BTR for CPS

Problem#

Distributed cyber-physical systems, such as vehicles, factories, or warehouses, have become increasingly connected both internally and with the rest of the world. This can provide some great benefits, a prime example of which can be driver assist features that prevent accidents. However, as these distributed systems grow in complexity and connectivity, they become increasingly likely to experience both benign faults and attacks by adversaries. The goal of this project is to provide resource-efficient techniques by which we can find these faults and recover from them, in a predetermined bounded amount of time.
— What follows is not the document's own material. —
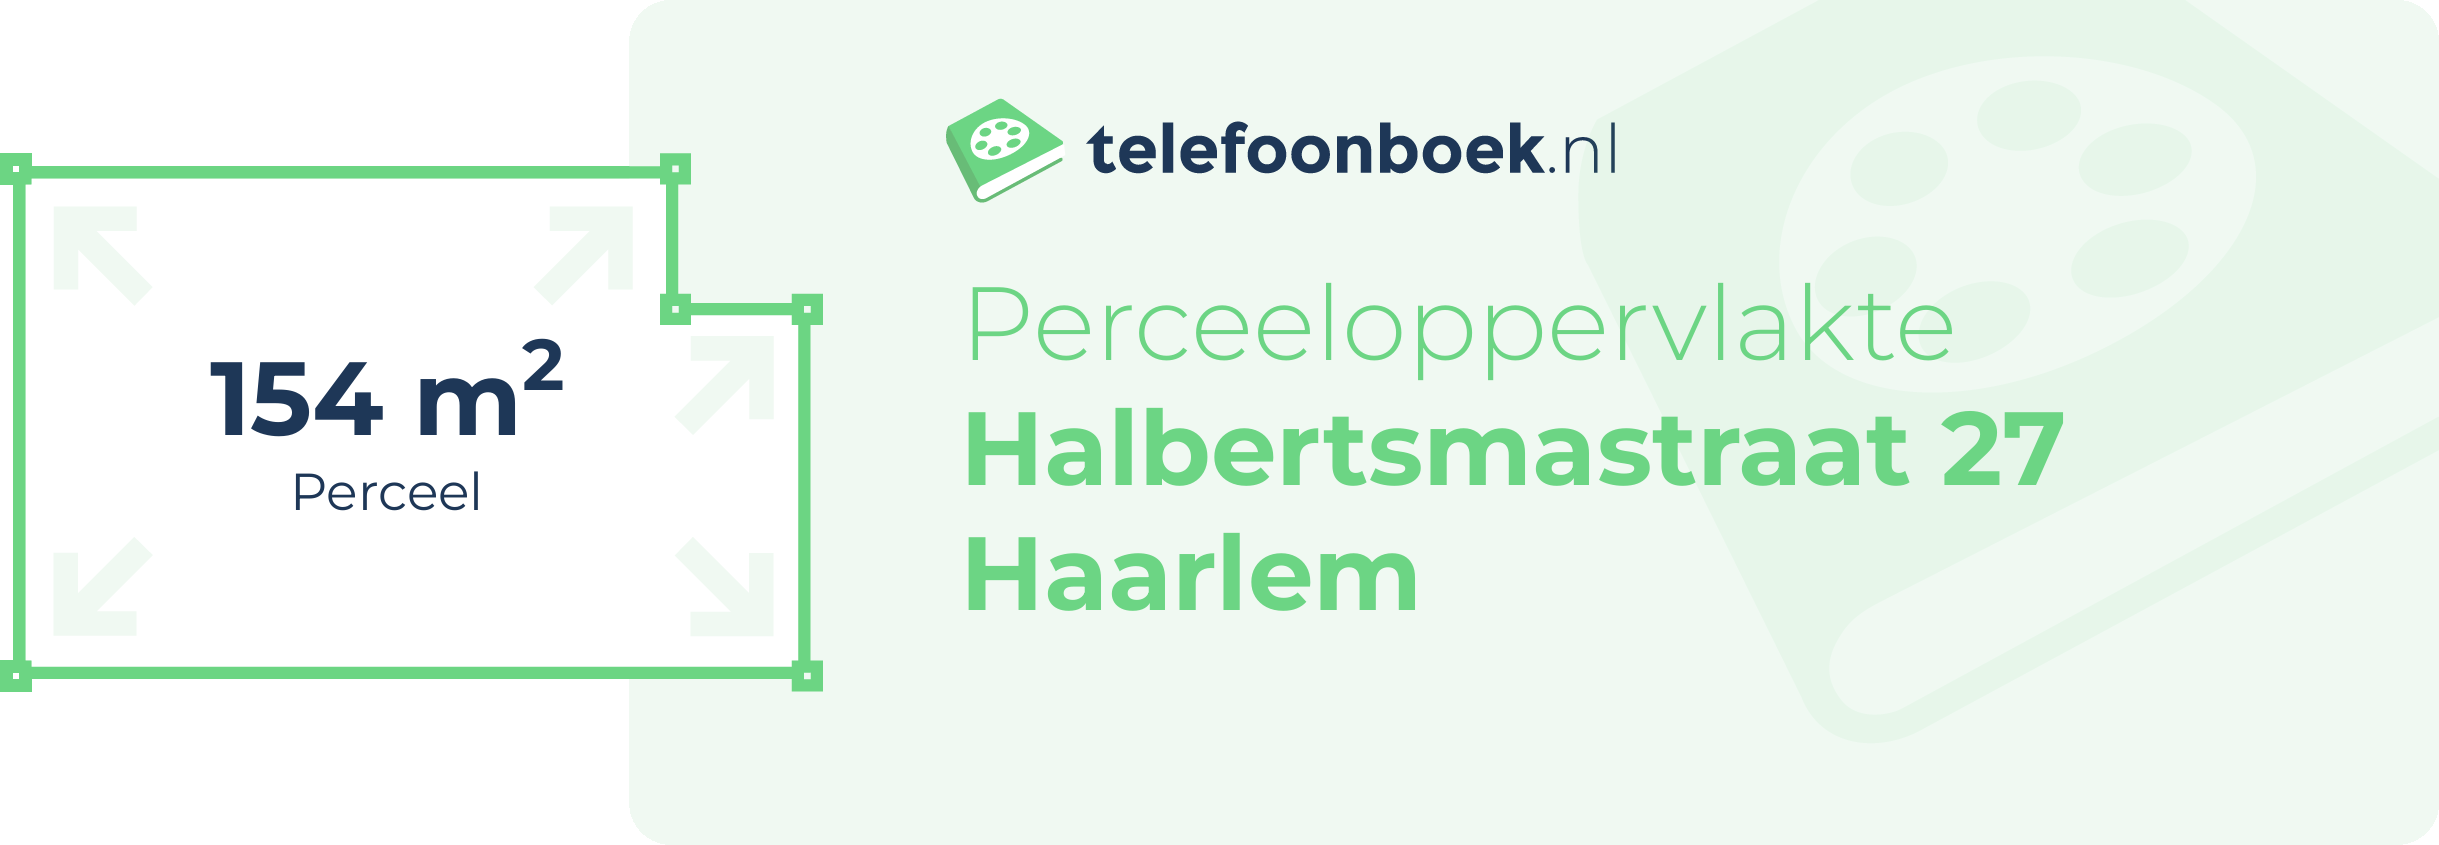 Perceeloppervlakte Halbertsmastraat 27 Haarlem

Why not use something else#

There are a number of well-established techniques to protect systems from faults. In the realm of benign faults in traditional distributed computing systems (like data centers), one can deploy Paxos or RAFT to prtect against benign faults. If Byzantine faults are a concern, then other options like PBFT are possible. However, the key problem with these approaches is that they require significant resources that many CPS simply do not have. PBFT, for instance, requires 3f+1 replicas to be able to mask the presence of f faults. BTR techniques, in contrast, are able to provide useful security with only f+1 replicas.

Approach#

Our approach involves leveraging the inertia that is inherently present in CPS. That is, because CPS have inertia, there is a brief period of time after a fault occurs during which the fault starts to affect the system, but a catastrophe has not yet occurred. If a security technique can guarantee that it will discover the source of the fault and take corrective action such that the system can return to normal behavior in a bounded amount of time, where this bounded time is dependent on the inertia of the system, then we can provide similar levels of security performance as BFT, but at much less cost.
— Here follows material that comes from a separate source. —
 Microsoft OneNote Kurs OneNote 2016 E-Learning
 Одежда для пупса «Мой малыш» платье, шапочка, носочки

To illustrate, consider the example in the following figure. Four actuators (alarm, burner, valve, and monitor) are controlled using four data flows that take input from one or both of the sensors S1 and S2

(a) A small example system in which the state of a chemical vat must be controlled. (b) There are four applications that run in this system, using data from the two sensors to control each of the four actuators. (c) Timing properties of of each of the four application.

A BTR technique will then provide the ability for the system to reconfigure the data flows as nodes in the set {N1,..,N4} fail. See, e.g., the below figure. As additional faults occur, lower-criticality tasks (and their replicas) are dropped by the system. Here, the small numbered squares are the tasks, with grey boxes containing the same number as a colored counterpart indicating that the task is a replica. In total, the primary task and its replicas will represent f+1 total copies of a task that run on unique nodes.
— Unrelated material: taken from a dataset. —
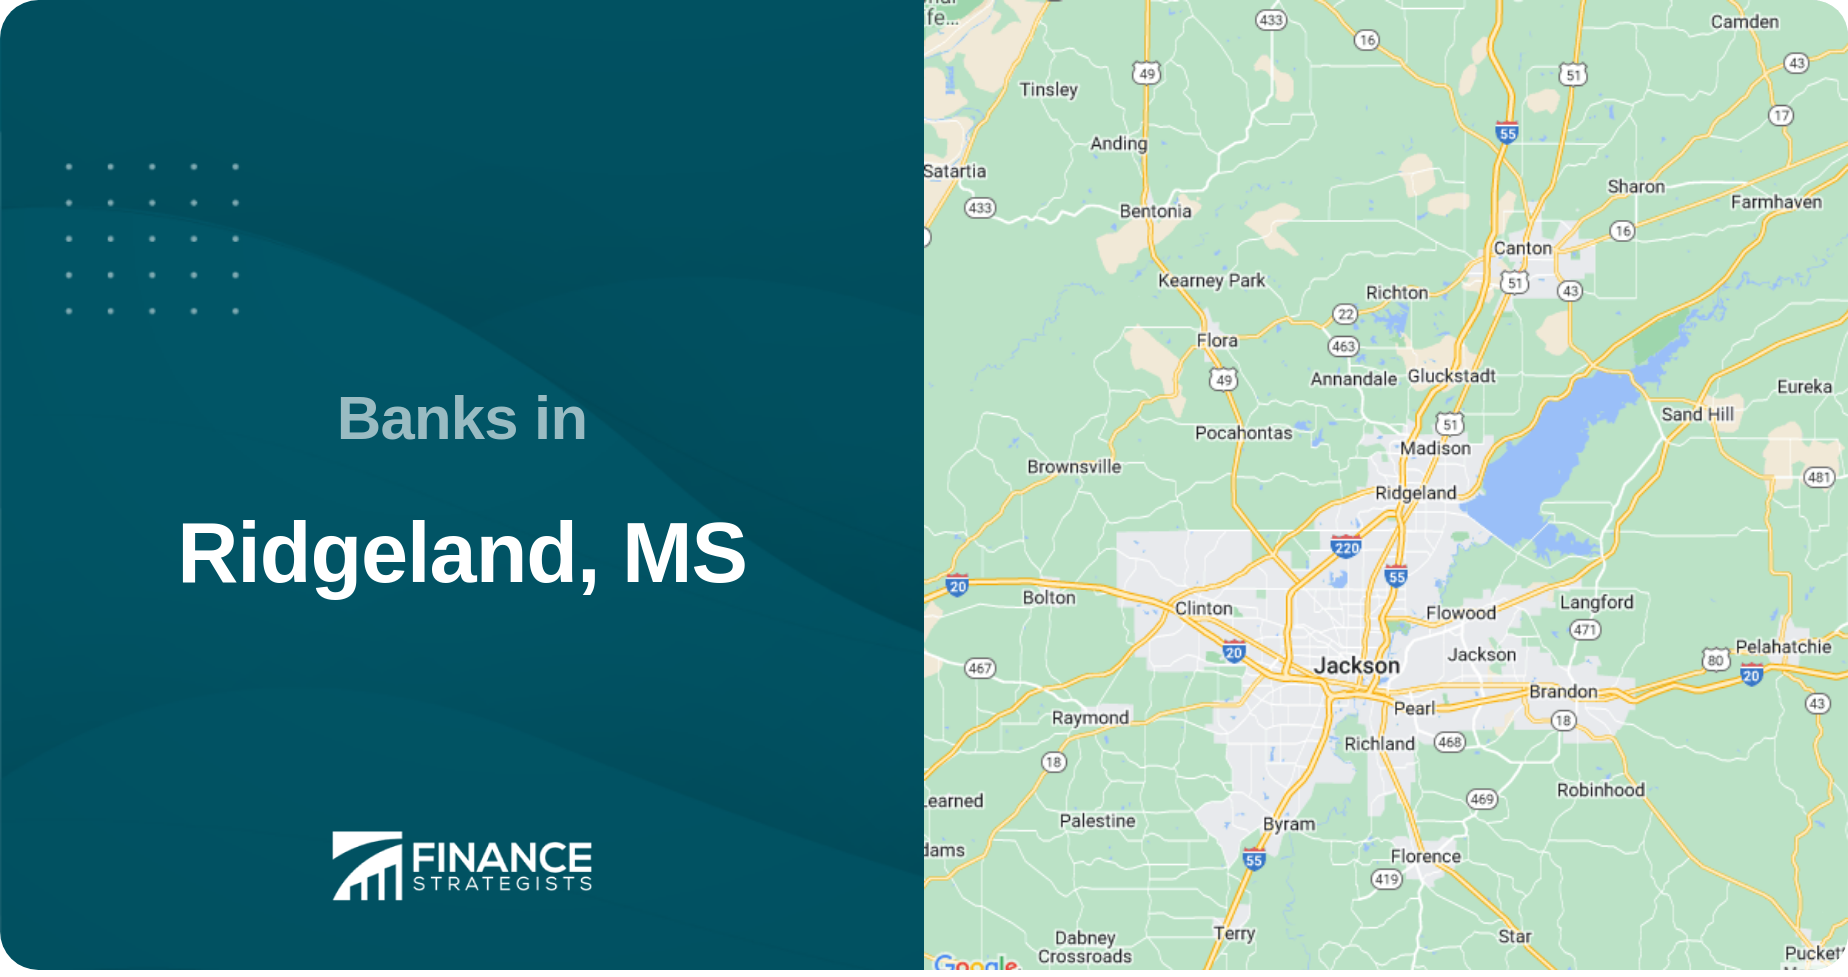 Banks in Ridgeland, MS

When using BTR, the system can safely reconfigure data flows to ensure that the state of the chemical vat continues to remain in a safe range despite the occurrence of faults.

Sample Result#

In a simulated experiment of the Volvo XC90 (slightly modified) network, we show the cruise control system, where the system should maintain a speed of 65 mph. The figure shows (a) a no-fault scenario, (b) an attacked system with no defense, (c) an attacked system that uses REBOUND, and (d) a close-up of the behavior when the attack occurs. With REBOUND, we see that the system only misbehaves for tens of milliseconds before recovery completes.

Publications#

REBOUND: Defending Distributed Systems Against Attacks with Bounded‑Time Recovery. N. Gandhi, E. Roth, B. Sandler, A. Haeberlen, L.T.X. Phan. EuroSys, 2021.
Bounded Time Recovery for Distributed Real‑Time Systems N. Gandhi, E. Roth, R. Gifford, L.T.X. Phan, A. Haeberlen. RTAS, 2020.